From the above tables, it can be seen that the device using silicon-containing aluminum for the first metal layer has a lower contact resistance than the device using both metal layers made of aluminum. In addition, the higher the silicon content of the first metal layer is, the lower the contact resistance is.
It is also understood that the thicker the metal layer of, the lower the contact resistance.
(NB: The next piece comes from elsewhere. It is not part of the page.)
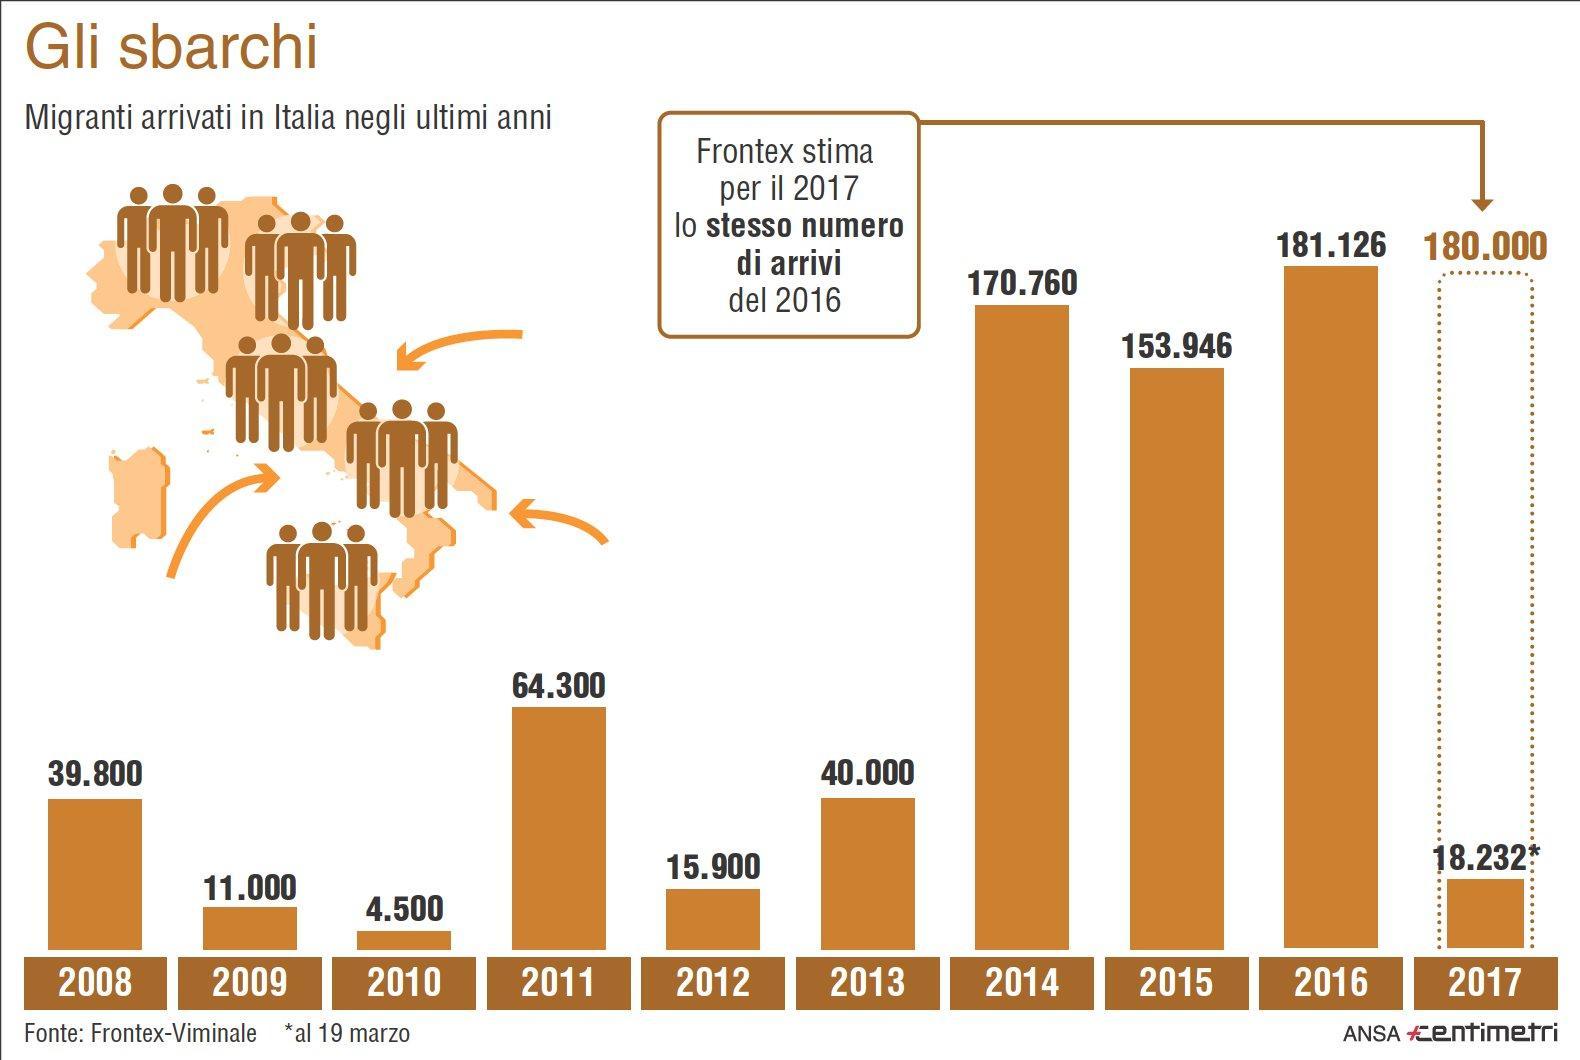 Migranti, gli sbarchi in Italia negli ultimi anni

[Brief description of drawings]

FIG. 1 is a sectional view of a semiconductor device embodying the present invention, and FIG.
5 to 5 are sectional views showing the steps of the method of the present invention for producing the semiconductor device shown in FIG. 10 ... Semiconductor device, 12 ... Substrate, 14 ... Substrate surface, 20 ...
... first insulating layer, 26 ... first conductive layer, 28 ... second insulating layer, 30 ... holes, 34 ... second conductive layer.

Claims (3)

[Claims] 1. A step of forming a first metallization layer of aluminum containing 3% or less of silicon on a surface of a substrate, and a step of forming a layer of an insulating material on the first metallization layer. Forming a hole through the insulating layer to the first metallization layer in such a way that a portion of the aluminum on the surface of the first metallization layer is removed and a portion of the silicon particles is exposed. And contacting a second metallization layer of aluminum containing a smaller amount of silicon contained in the first metallization layer on the insulating layer and in the apertures. And heating the metallization layer so that the two metallization layers sinter at the joints of the two in the openings in the insulating layer and from the first metallization layer. D. A portion of silicon diffusing into the second metallization layer; A method of forming a structure. 2. The method of claim 1, wherein the surface of the first metallization layer within the apertures in the insulating layer is treated to form a first metallization layer prior to forming the second metallization layer. A method of removing a part of aluminum on the surface of the metallized layer and exposing a part of silicon particles. 3. The method of claim 2 wherein the first metallization layer is treated by exposing it to an etchant that removes aluminum but not silicon.